The model’s habitat interpretations largely match existing aspects of the fossil, archaeological and genomic records. That may mean the model is accurate, but it also begs the intriguing question of how good it could prove at predicting entirely new ideas. “Will it be a useful predictive tool for novel hypotheses about human evolutionary history for the past two million years?” Potts asks.

The study also wasn’t designed to provide insights on exactly how the changing environmental conditions it models actually influenced processes of human dispersal and speciation. “The simulation will be most important if it leads to new hypotheses about how climate led to population variance and divergence and thus to speciation; or how habitat corridors opened and closed, thus leading to predictions about past dispersals that are, as yet, undocumented in the fossil record,” Potts says.

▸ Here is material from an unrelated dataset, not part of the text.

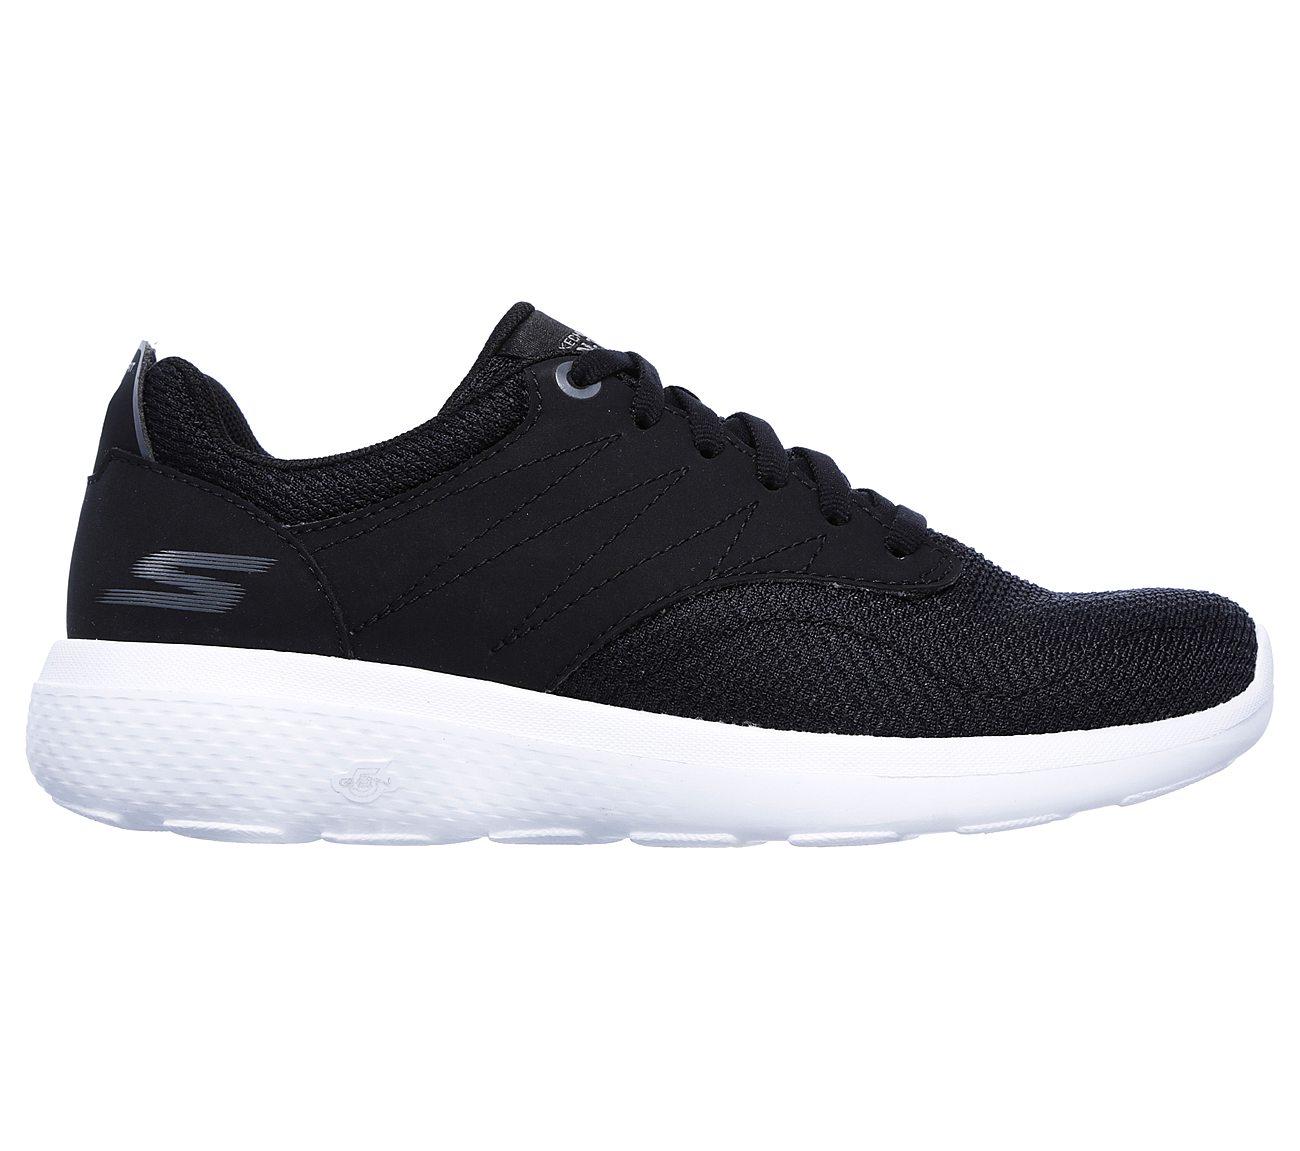 2b591576cff4 Buy SKECHERS Skechers On The GO City 2 Skechers Performance Shoes ...

Ultimately it’s not climate so much as the ecological conditions in any given place, like what kind of food and water were available, and the range of plant and animals species present, that determine which human species could have survived and how they must have adapted over time. Future studies employing the climate models should also account for how complex those ecosystems are, for example by studying evolutionary changes that might be seen in other fauna. If changes in precipitation, temperature and plant production impacted humans they would have also have had evolutionary impacts on large mammal species, for example, whose bones are plentiful at many hominin fossil sites. Exploring these wider ecosystem impacts is one example of how the hypotheses in the climate model might be further tested, and perhaps reveal new ideas.

“The habitat suitability models are therefore a welcomed scientific tool, but they are only models,” says Michael Petraglia. “We have a lot of work to do on the ground, recovering not only fossils and archaeology, but reconstructing the environments in which hominins found themselves.”